He rose to the occasion time after time and in different ways, first in arriving in the north America, then as a soldier, and then as an economist. He was inventive and no insurmountable task discouraged him. He also despised mobocracy or democracy. The state governments were democracies and to his mind they were irresponsible, corrupt, and incompetent and they would always remain.
But he also he also was putty in the hands of several women, at the expense of his wife, and one of those dalliances, which certainly was sexual, was his downfall.
In public life he made enemies easily, and often deliberately. He would name those who opposed his arguments as dunderheads. The wonder is that he was not killed in a duel earlier. Some of this seems to have been his intellectual arrogance. John Jay was his tutor in college, lent him money in later life, worked with him on the ‘Federalist Papers,’ but once when Jay differed from Hamilton he assassinated his character in print without hesitation.
This book is marred by non sequiturs that increase toward the end, and the story of his last years is truncated compared to the nearly day-by-day account of earlier years. That unevenness may reflect the paucity of sources, the fatigue of the writer, or the demands of the publisher. Whatever the reason, it is obvious.

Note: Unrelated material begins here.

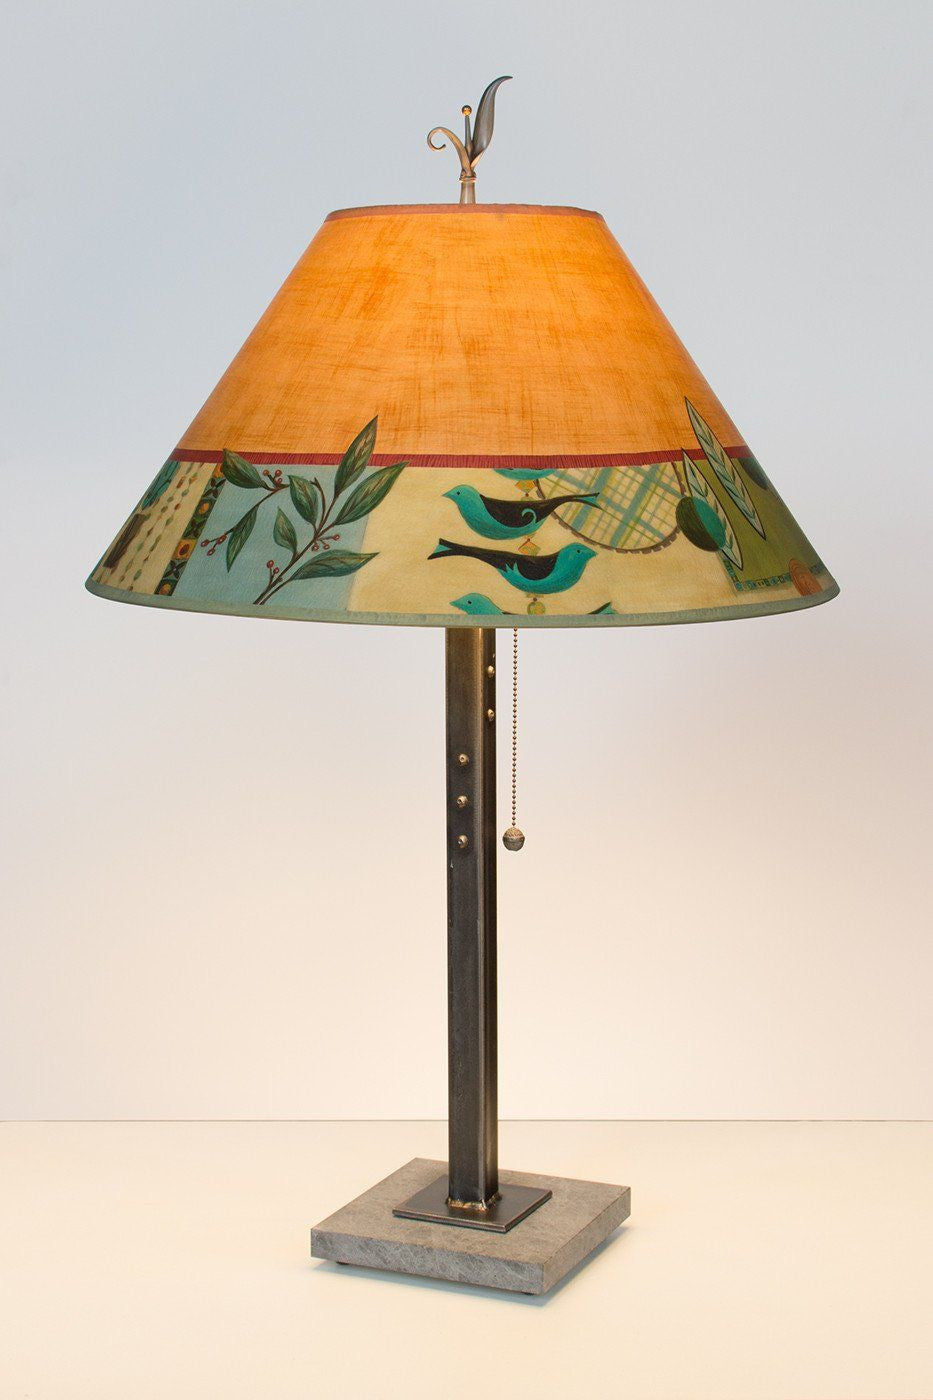 Janna Ugone & Co Table Lamps Steel Table Lamp with Large Conical Shade in New Capri Spice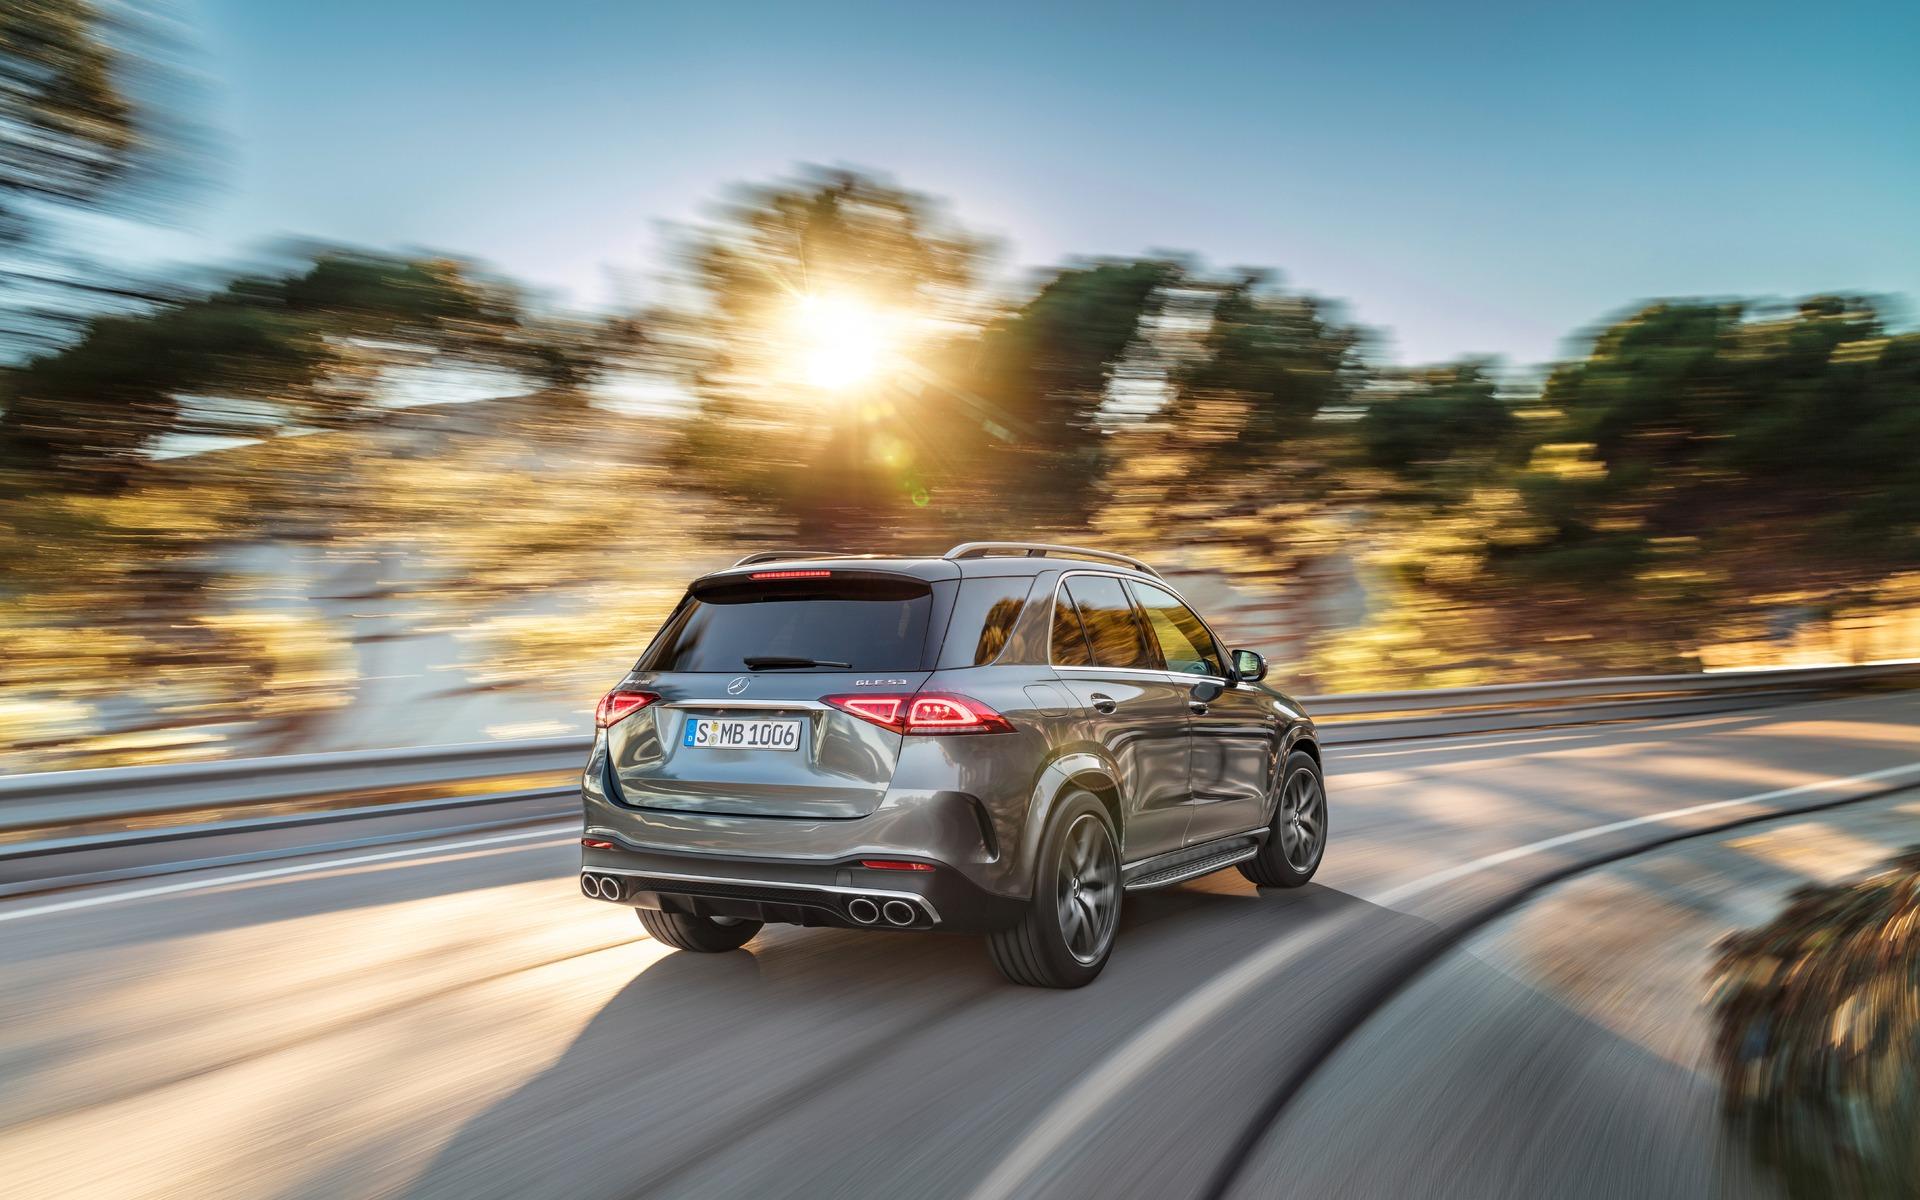 The 2020 Mercedes AMG GLE 53 4MATIC+ Appears

By non sequiturs I mean passages like this: ‘Hamilton’s proposal was widely opposed. It passed easily.’ Huh? I had several of these ‘Huh?’ moments. There other inconsistencies. Early on Hamilton is said to be not attractive, and later he is said to be so. The goal posts seemed to move.
At some point it is said Hamilton advocated rights for women, but I had not noticed anything on that subject to that page, nor indeed after it.
I also found distasteful the opening of the book with the duel and his death. It makes almost no sense put first without the context of his life, if not his times. But it is lovingly detailed, the stroke of the oars, the colour of the coat, the shine on the pistols. I suppose this was the demanded by the publisher.
There are also some typos. This from Harper Collins.